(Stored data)
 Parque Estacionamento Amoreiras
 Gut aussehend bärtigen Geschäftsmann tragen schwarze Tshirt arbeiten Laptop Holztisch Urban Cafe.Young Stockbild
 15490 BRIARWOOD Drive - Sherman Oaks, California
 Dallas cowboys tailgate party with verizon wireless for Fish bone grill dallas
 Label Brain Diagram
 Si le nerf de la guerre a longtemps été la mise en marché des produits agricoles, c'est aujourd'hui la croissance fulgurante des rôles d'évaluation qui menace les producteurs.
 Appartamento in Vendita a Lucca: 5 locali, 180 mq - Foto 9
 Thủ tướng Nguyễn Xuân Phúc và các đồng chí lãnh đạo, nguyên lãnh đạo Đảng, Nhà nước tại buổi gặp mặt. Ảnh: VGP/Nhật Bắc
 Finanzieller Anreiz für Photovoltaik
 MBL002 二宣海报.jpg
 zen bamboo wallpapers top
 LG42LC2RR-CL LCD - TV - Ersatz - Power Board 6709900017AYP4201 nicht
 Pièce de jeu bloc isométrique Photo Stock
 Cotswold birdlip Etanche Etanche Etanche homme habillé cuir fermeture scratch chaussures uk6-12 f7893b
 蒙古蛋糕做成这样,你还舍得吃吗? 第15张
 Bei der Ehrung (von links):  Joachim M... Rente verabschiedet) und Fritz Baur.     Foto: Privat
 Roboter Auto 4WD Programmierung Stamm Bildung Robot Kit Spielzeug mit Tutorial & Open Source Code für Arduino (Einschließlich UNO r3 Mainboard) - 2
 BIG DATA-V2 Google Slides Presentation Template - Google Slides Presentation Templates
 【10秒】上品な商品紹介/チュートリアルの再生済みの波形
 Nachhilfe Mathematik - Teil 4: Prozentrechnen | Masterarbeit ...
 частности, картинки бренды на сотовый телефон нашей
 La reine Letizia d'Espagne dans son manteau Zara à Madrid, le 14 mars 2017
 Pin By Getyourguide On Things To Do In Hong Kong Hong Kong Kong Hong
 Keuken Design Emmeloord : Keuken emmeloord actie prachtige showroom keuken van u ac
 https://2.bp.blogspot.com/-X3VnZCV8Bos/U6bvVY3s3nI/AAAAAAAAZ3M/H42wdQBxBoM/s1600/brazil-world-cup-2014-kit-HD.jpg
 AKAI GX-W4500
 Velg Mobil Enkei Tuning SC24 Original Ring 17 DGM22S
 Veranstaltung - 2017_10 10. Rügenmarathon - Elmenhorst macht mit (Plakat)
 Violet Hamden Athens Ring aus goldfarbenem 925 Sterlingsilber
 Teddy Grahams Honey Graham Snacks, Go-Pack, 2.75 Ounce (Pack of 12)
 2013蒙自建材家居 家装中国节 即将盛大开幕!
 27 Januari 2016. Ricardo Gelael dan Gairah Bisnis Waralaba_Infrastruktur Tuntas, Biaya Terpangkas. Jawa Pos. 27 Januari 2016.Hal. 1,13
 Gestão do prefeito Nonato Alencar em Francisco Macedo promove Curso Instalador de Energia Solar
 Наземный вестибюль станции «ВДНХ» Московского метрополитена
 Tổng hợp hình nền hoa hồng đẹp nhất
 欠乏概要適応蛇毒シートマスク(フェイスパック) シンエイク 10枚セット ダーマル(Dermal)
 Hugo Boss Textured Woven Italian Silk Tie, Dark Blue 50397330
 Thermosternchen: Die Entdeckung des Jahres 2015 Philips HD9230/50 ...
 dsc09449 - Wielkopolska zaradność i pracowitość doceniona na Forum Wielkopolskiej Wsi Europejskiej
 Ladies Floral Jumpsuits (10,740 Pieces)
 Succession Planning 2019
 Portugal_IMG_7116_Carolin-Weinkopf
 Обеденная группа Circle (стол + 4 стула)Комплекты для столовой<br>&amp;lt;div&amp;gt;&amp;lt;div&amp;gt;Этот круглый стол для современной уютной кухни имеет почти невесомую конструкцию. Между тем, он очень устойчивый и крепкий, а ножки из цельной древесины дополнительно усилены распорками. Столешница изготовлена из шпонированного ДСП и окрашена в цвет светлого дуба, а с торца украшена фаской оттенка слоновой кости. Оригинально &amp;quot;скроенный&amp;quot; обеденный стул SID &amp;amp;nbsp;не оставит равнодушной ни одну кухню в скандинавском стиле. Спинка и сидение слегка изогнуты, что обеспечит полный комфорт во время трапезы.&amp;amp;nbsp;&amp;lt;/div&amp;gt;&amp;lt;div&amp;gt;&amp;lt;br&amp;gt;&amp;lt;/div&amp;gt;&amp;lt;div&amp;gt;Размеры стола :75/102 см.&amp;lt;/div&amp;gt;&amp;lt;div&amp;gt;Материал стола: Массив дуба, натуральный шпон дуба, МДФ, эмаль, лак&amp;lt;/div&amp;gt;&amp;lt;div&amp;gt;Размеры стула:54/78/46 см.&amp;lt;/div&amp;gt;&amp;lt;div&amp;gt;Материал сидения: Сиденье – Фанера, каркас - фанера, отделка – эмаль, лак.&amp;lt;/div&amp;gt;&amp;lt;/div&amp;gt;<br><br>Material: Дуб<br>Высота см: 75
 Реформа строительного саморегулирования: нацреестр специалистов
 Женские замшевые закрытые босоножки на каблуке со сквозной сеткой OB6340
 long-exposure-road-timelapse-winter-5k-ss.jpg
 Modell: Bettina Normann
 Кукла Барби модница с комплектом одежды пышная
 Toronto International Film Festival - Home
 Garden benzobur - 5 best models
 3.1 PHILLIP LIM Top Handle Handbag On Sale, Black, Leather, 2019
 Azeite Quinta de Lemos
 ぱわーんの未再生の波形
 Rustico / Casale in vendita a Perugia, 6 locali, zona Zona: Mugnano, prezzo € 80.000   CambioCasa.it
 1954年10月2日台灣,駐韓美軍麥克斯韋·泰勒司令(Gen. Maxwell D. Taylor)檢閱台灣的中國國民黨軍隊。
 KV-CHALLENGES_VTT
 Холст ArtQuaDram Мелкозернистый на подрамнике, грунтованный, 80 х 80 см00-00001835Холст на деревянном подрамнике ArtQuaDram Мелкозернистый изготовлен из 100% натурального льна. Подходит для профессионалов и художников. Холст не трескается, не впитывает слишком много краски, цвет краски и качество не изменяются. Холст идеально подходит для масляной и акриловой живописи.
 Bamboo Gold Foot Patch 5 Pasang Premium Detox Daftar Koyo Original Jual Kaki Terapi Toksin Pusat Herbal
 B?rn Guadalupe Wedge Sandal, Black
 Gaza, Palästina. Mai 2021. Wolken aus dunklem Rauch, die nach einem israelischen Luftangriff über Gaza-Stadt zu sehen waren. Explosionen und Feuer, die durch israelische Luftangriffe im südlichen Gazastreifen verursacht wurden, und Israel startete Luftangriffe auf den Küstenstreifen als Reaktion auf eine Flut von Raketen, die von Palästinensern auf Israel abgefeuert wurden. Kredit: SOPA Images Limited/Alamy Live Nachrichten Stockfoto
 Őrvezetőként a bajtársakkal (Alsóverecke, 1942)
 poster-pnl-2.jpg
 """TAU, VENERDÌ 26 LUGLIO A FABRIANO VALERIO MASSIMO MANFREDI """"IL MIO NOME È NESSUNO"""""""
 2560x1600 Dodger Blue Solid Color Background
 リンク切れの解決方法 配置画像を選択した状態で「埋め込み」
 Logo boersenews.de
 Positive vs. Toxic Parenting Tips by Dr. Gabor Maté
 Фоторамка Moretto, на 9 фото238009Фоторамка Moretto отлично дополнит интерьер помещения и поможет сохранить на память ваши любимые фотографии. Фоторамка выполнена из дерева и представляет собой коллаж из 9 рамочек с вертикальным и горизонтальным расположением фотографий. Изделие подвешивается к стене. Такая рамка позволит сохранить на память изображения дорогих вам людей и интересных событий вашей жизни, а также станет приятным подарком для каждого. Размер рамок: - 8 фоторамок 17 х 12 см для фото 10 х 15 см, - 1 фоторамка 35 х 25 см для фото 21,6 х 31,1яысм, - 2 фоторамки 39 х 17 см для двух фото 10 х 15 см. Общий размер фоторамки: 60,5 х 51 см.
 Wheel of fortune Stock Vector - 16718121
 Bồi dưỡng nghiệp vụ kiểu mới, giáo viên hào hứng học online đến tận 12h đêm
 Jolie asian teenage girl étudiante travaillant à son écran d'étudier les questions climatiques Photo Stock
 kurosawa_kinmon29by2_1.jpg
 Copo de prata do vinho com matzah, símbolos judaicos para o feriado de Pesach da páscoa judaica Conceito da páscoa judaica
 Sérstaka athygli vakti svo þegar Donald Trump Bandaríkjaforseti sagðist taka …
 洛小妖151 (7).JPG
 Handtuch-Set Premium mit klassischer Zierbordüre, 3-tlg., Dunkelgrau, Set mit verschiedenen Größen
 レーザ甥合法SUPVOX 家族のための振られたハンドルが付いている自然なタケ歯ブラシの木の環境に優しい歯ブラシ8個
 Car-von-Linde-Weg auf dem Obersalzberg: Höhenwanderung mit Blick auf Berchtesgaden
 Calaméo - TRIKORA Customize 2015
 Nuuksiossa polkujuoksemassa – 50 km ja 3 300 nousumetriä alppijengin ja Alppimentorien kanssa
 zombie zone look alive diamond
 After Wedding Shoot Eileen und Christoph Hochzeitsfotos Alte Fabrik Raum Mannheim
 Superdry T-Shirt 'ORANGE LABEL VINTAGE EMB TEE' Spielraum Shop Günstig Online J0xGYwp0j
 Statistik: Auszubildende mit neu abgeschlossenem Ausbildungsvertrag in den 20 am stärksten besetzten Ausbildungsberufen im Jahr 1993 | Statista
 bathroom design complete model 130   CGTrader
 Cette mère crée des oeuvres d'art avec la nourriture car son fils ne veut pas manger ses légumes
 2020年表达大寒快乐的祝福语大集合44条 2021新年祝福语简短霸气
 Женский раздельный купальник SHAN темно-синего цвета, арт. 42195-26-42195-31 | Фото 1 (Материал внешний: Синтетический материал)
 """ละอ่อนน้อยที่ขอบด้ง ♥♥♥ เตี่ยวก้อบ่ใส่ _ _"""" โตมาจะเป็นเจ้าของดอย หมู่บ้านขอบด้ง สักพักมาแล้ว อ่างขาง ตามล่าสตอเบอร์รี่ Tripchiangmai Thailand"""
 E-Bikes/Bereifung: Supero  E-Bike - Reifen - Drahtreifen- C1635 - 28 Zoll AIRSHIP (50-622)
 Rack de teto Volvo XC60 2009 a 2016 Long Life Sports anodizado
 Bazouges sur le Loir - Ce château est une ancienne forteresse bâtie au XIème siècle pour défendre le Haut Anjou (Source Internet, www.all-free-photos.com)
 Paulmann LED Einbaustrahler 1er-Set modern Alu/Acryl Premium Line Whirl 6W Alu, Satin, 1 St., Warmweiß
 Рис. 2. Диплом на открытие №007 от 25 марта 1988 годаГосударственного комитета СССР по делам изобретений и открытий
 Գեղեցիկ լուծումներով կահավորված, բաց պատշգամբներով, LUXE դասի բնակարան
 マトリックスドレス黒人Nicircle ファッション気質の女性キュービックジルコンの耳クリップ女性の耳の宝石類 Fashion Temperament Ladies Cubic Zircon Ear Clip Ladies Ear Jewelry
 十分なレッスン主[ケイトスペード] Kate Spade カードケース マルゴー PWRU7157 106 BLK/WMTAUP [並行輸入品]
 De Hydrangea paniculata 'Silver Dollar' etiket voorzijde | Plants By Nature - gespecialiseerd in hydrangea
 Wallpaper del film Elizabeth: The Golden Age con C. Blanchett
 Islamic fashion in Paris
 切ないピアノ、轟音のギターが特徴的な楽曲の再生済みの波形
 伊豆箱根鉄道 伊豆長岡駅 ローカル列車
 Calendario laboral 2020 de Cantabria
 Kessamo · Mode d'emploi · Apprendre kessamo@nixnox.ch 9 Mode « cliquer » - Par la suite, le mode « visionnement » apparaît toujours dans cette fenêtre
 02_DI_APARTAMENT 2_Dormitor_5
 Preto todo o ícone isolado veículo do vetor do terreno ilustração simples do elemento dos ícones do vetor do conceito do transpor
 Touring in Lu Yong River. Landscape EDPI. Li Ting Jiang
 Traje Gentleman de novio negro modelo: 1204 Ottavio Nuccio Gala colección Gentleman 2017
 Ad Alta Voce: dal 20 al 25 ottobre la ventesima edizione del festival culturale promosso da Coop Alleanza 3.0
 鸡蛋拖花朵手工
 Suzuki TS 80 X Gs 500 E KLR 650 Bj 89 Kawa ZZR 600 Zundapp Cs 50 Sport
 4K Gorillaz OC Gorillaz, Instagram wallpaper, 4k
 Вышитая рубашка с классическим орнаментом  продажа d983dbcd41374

*TASK OBJECTIVE*.
Reproduce the lines of the entries above from the one with "Реформа строительного саморегулирования: нацреестр" to the one with "Garden benzobur - 5 best models", both included, exactly and without any other line.

*EXERCISE OUTPUT*.
 Реформа строительного саморегулирования: нацреестр специалистов
 Женские замшевые закрытые босоножки на каблуке со сквозной сеткой OB6340
 long-exposure-road-timelapse-winter-5k-ss.jpg
 Modell: Bettina Normann
 Кукла Барби модница с комплектом одежды пышная
 Toronto International Film Festival - Home
 Garden benzobur - 5 best models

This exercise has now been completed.